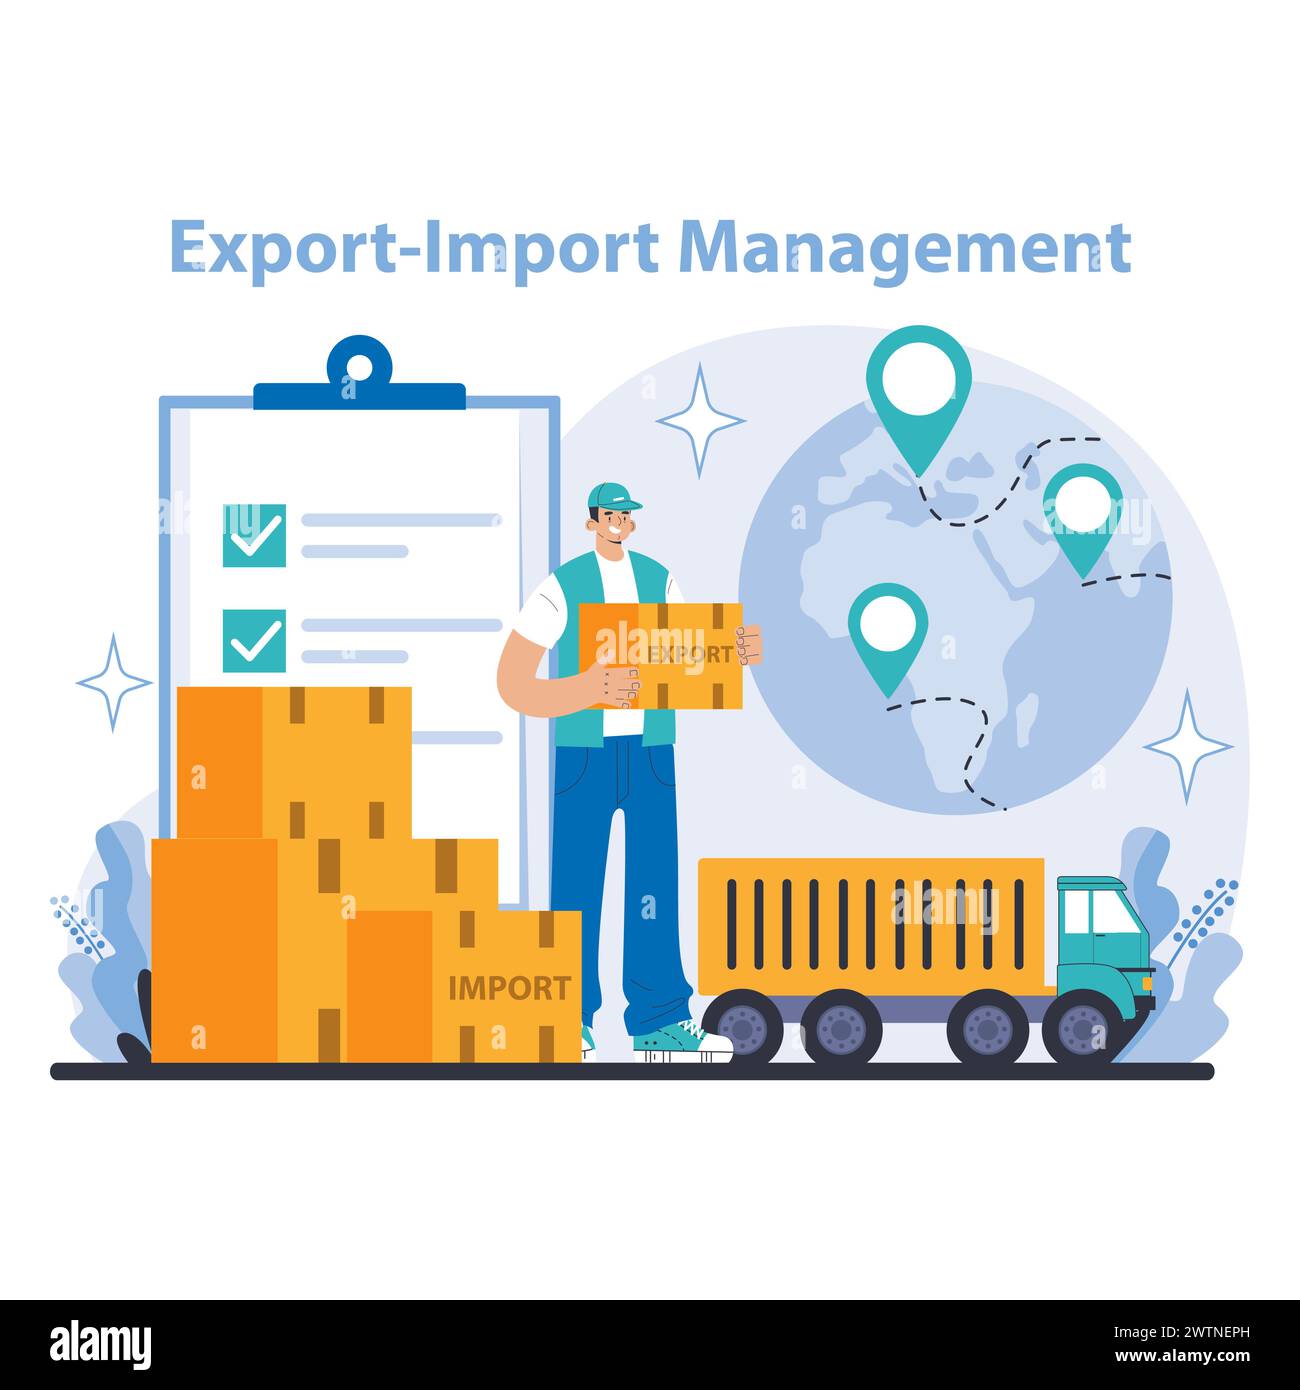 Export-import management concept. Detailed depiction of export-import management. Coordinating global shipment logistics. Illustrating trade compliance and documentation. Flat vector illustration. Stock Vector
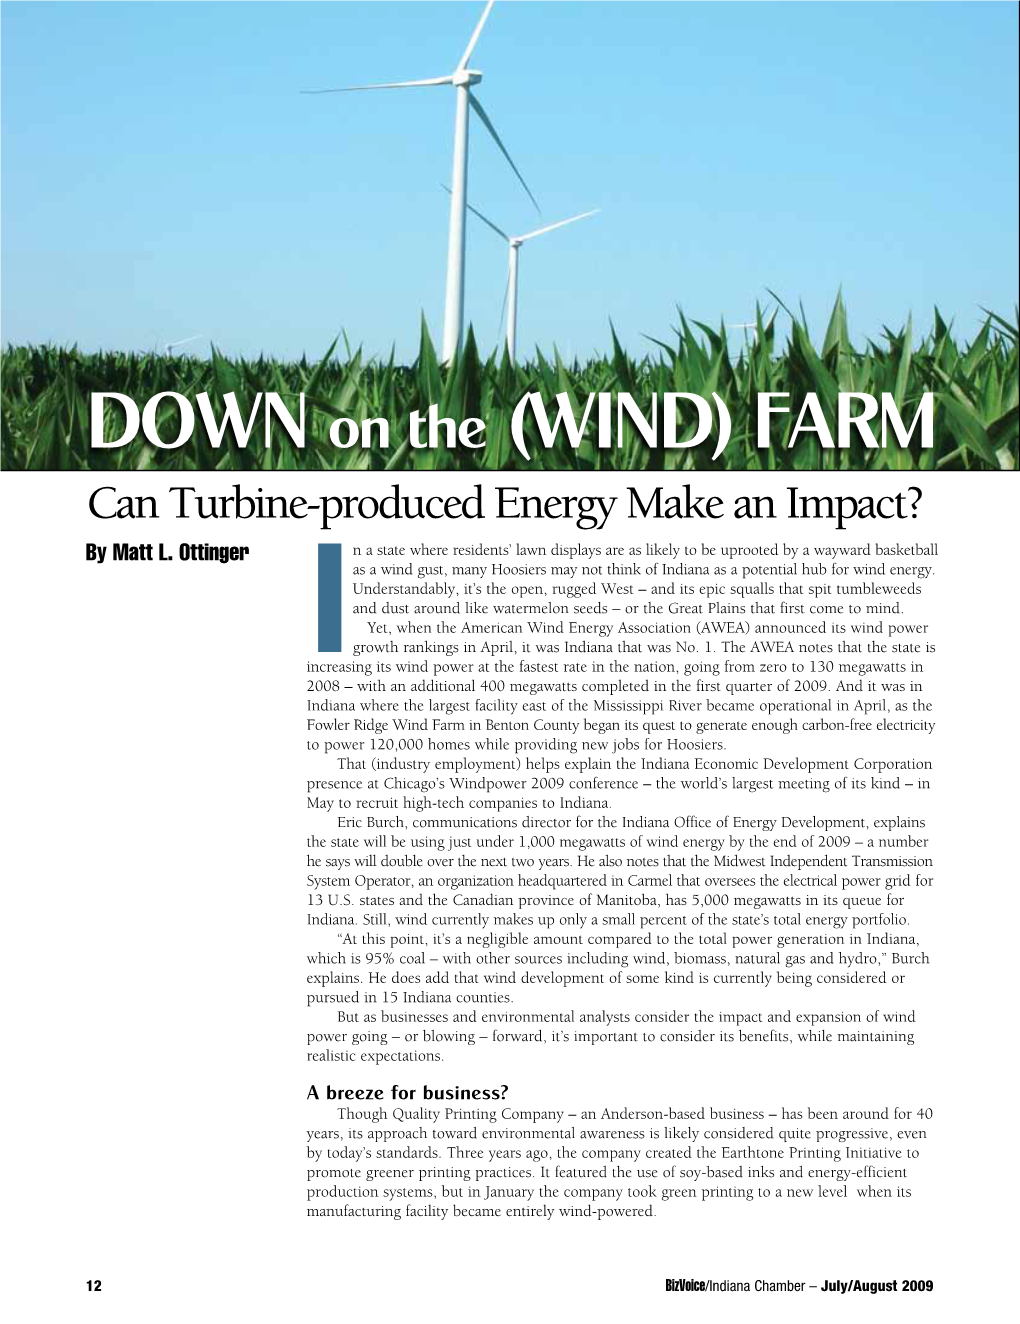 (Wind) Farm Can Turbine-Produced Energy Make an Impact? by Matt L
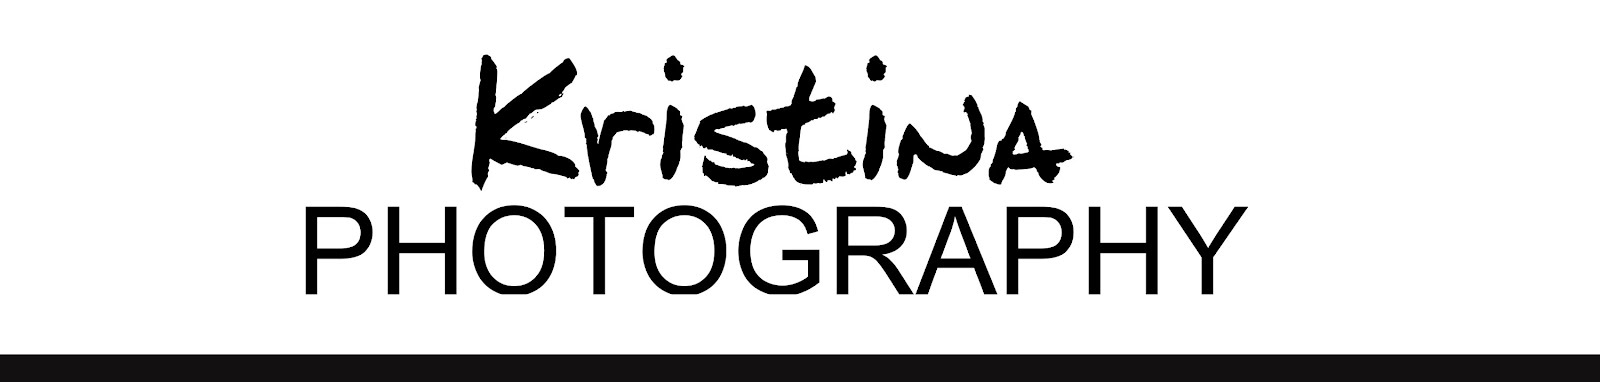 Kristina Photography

| Problem to work on |
The job is to return the listing above exactly, minus its pictures.

| The answer |
 Export-import management concept. Detailed depiction of export-import management. Coordinating global shipment logistics. Illustrating trade compliance and documentation. Flat vector illustration. Stock Vector
 (Wind) Farm Can Turbine-Produced Energy Make an Impact? by Matt L
 Kristina Photography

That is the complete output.